━━━━━ PROVIDED MATERIAL ━━━━━
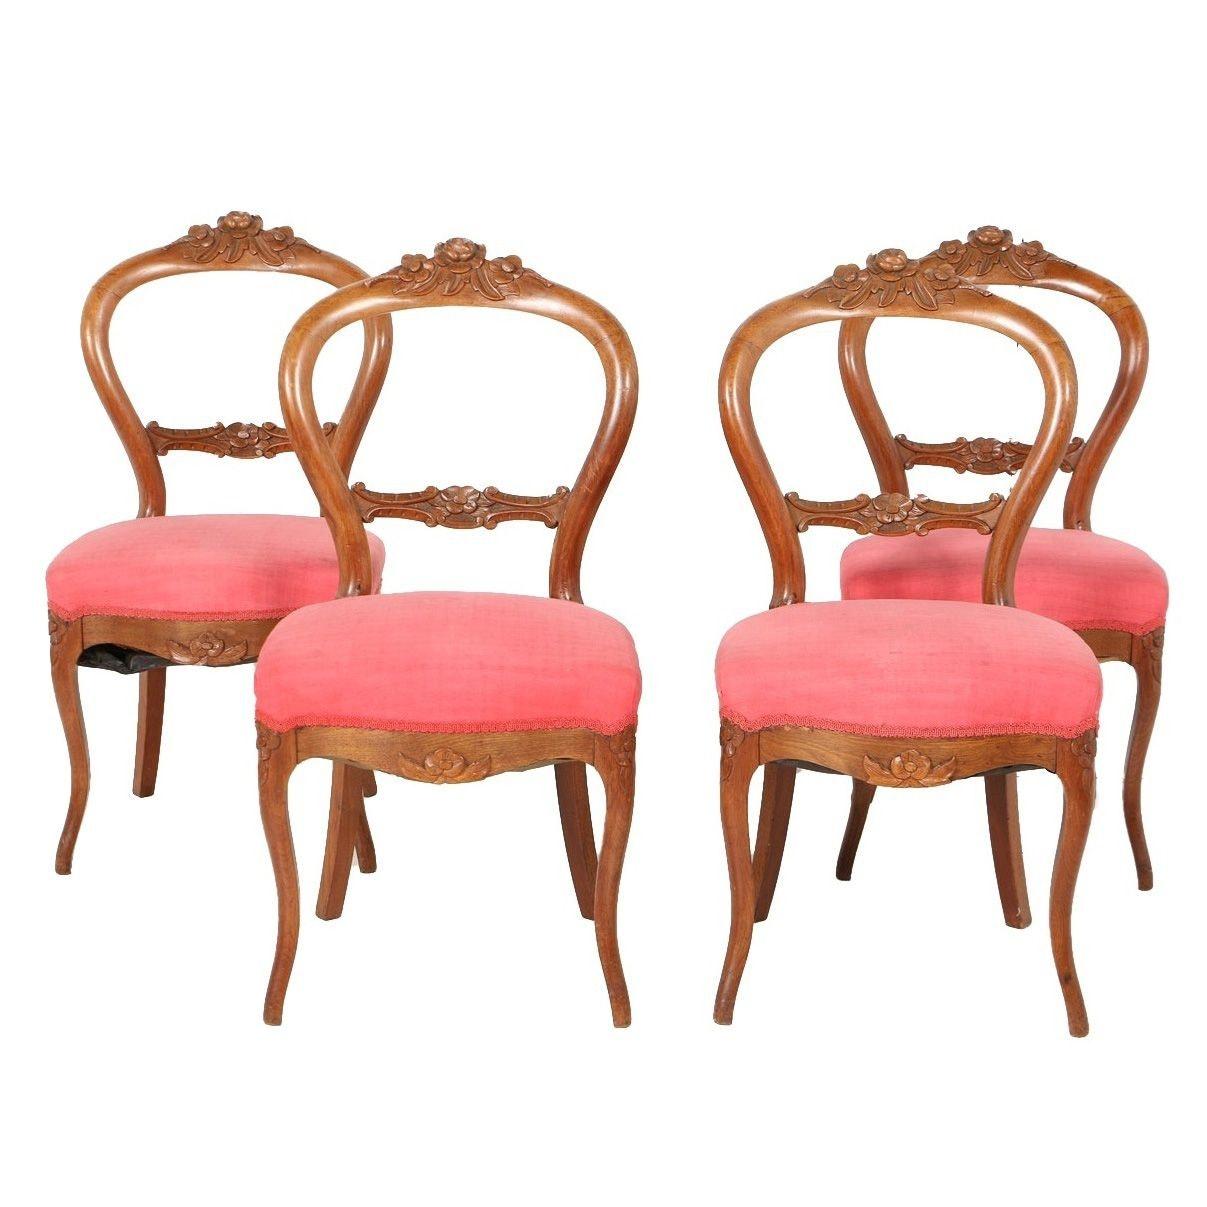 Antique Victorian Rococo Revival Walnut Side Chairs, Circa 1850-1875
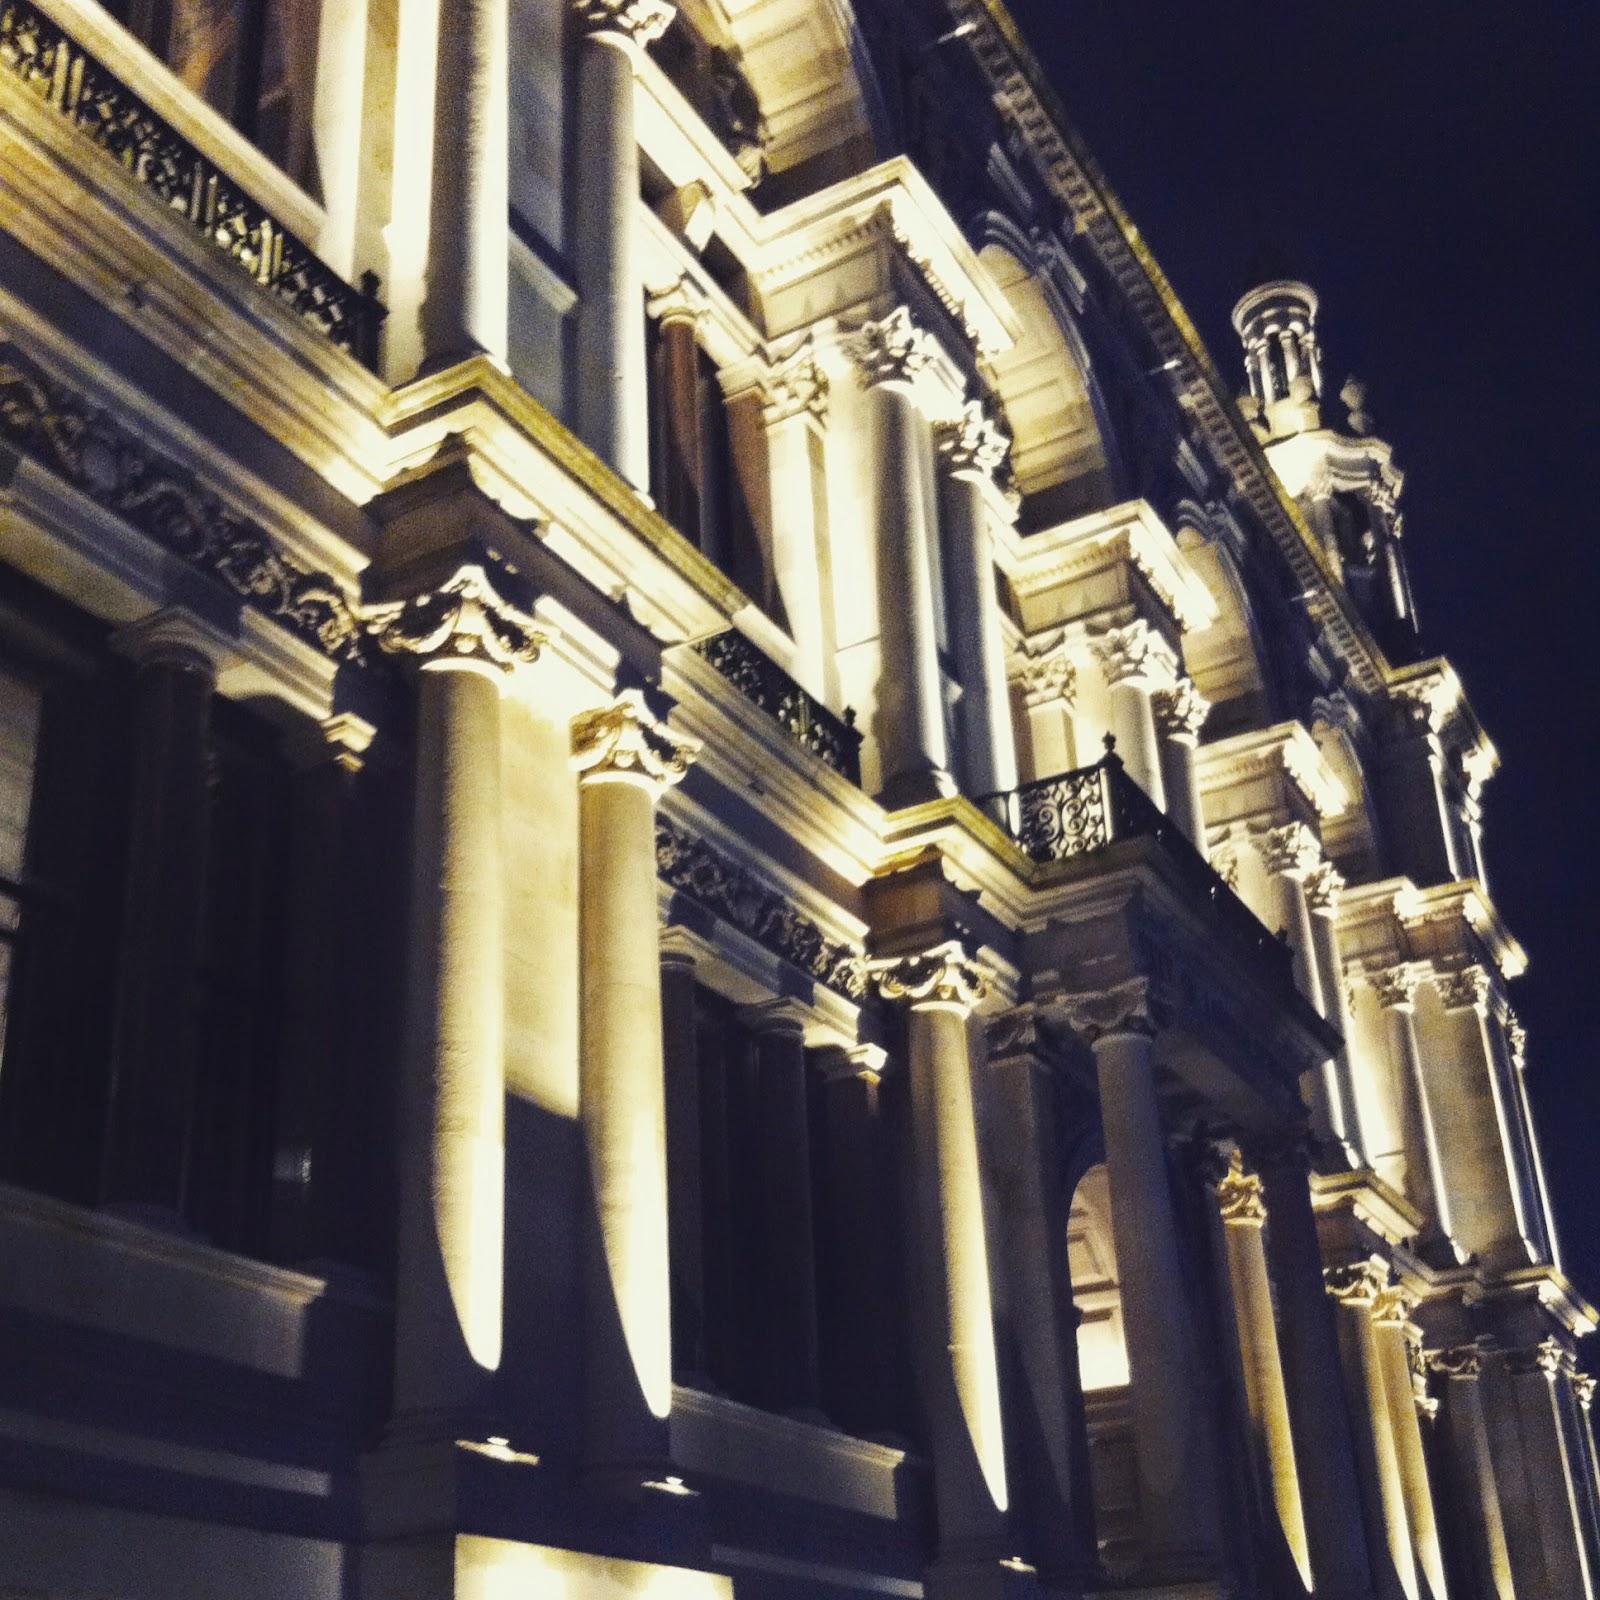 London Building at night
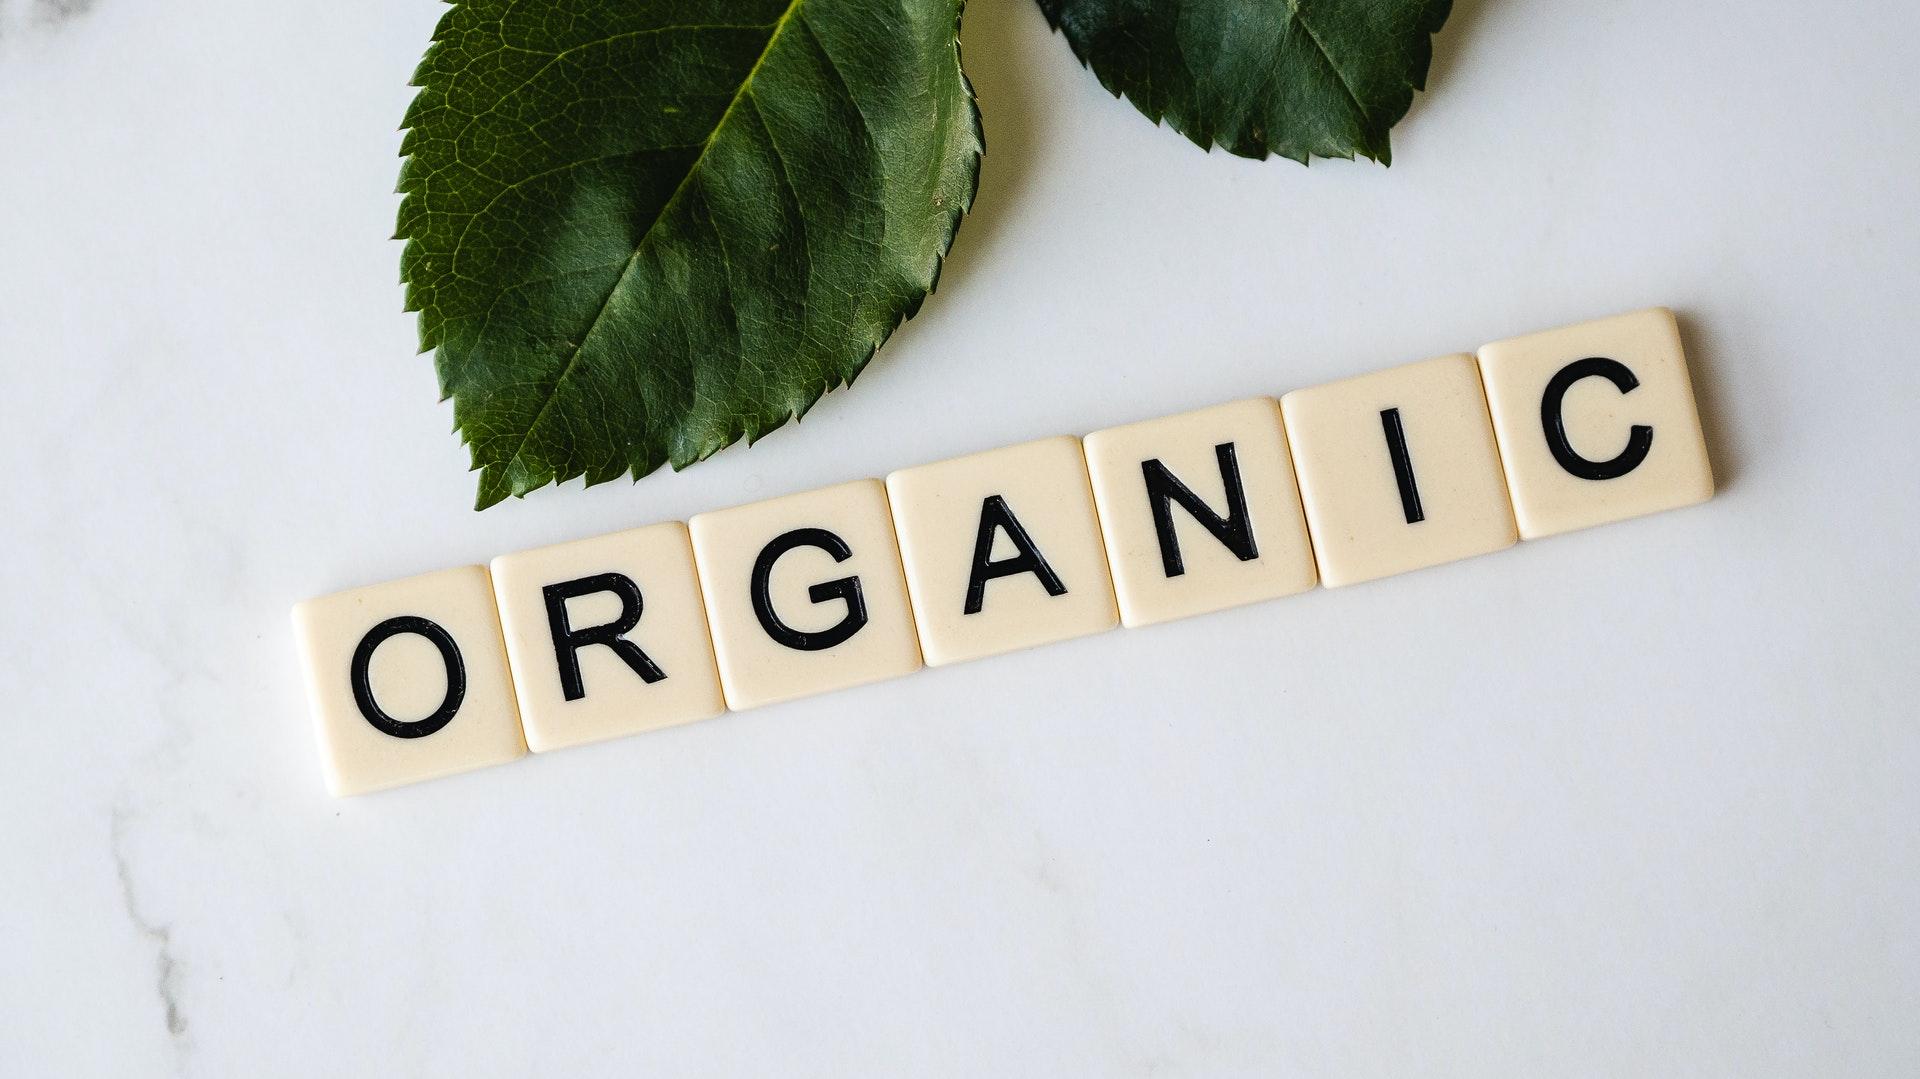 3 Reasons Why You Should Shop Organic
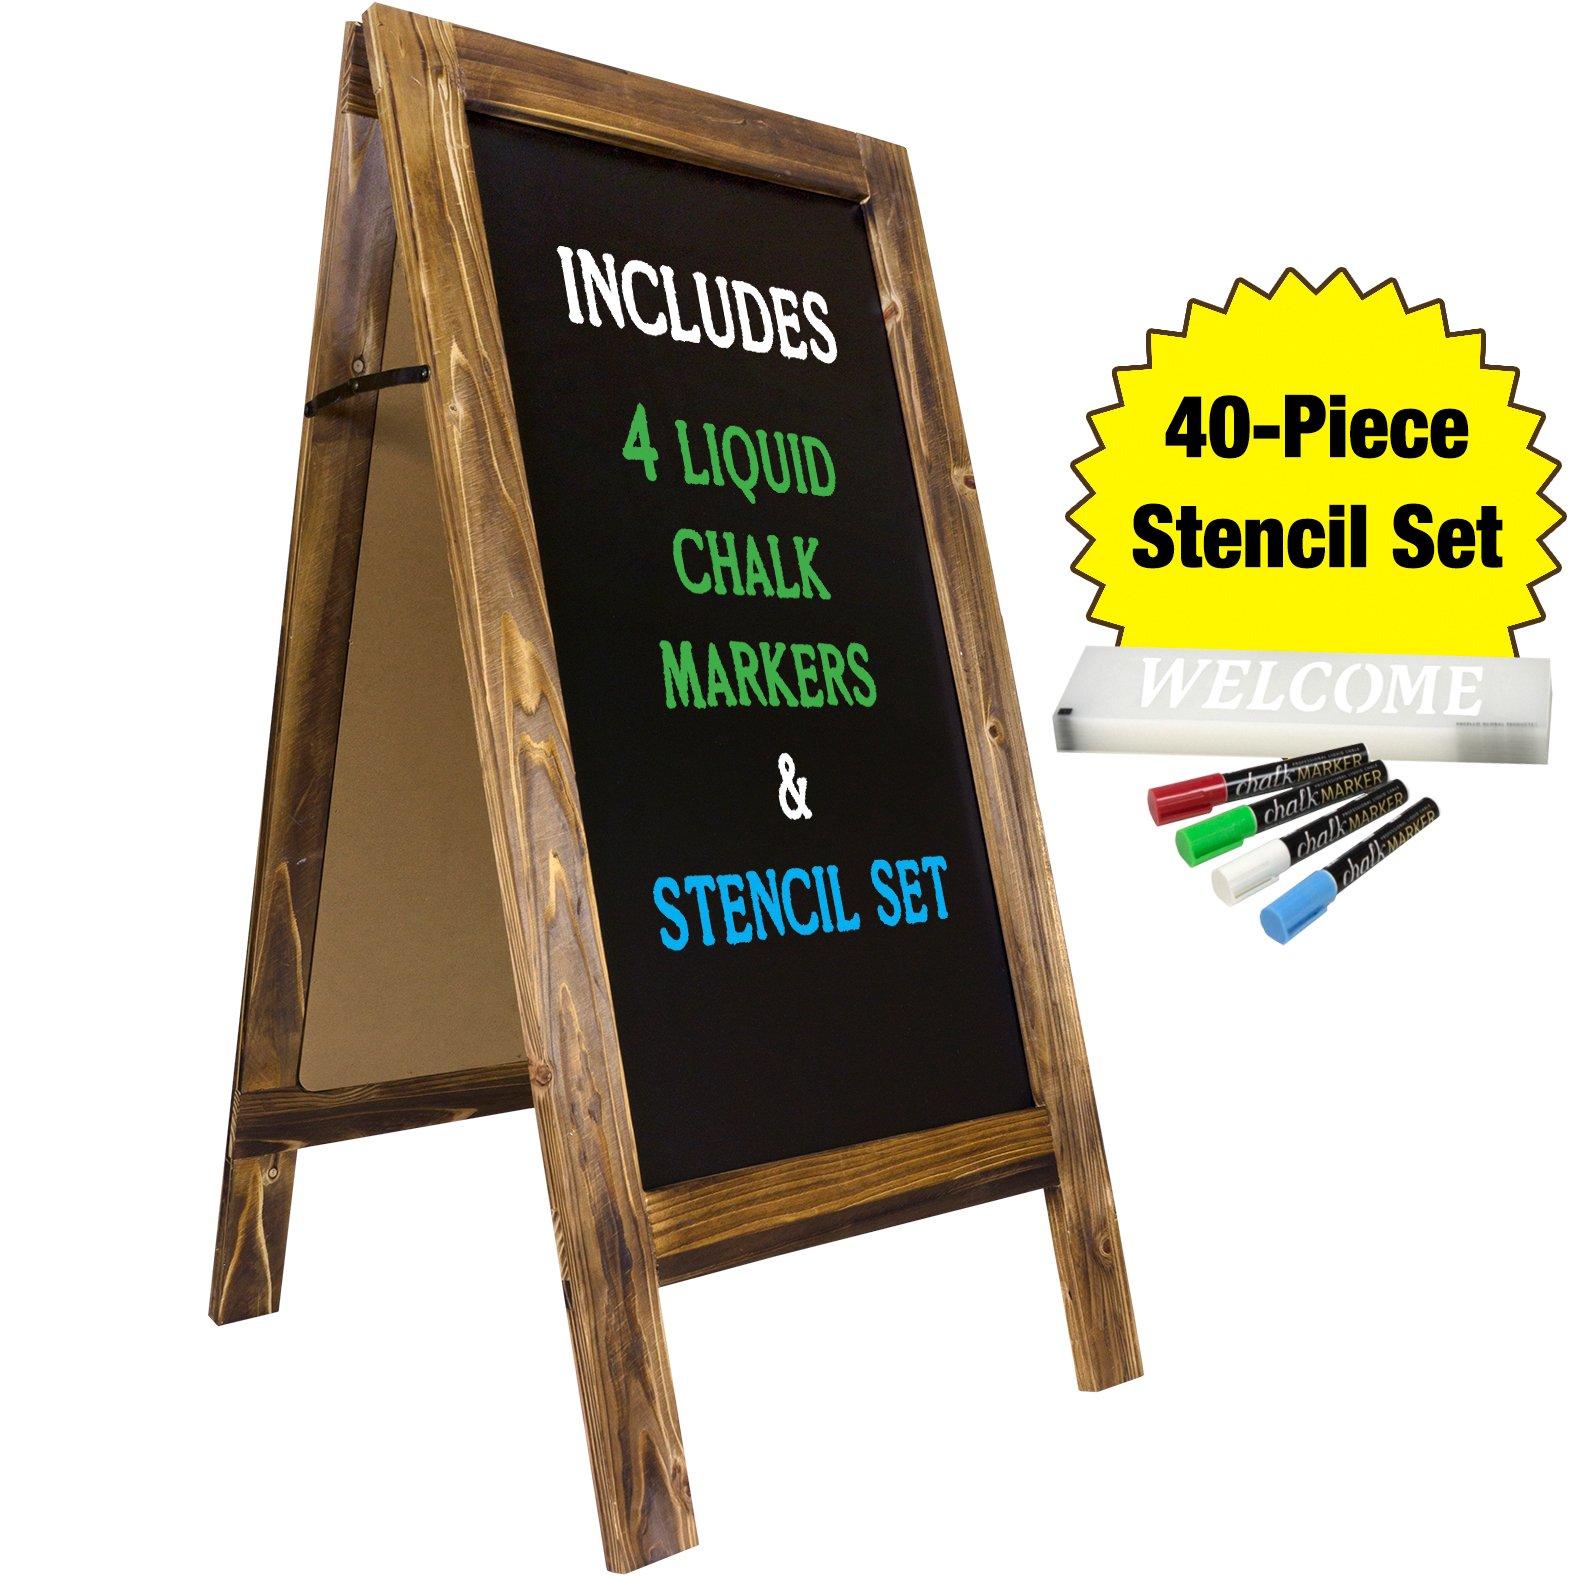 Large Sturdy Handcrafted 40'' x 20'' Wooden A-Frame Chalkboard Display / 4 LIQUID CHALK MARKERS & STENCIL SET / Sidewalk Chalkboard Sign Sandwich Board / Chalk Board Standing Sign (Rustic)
━━━━━
> YOUR OBJECTIVE
Copy out every line above without change, dropping the pictures.

> OUTPUT FOR THIS TASK
 Antique Victorian Rococo Revival Walnut Side Chairs, Circa 1850-1875
 London Building at night
 3 Reasons Why You Should Shop Organic
 Large Sturdy Handcrafted 40'' x 20'' Wooden A-Frame Chalkboard Display / 4 LIQUID CHALK MARKERS & STENCIL SET / Sidewalk Chalkboard Sign Sandwich Board / Chalk Board Standing Sign (Rustic)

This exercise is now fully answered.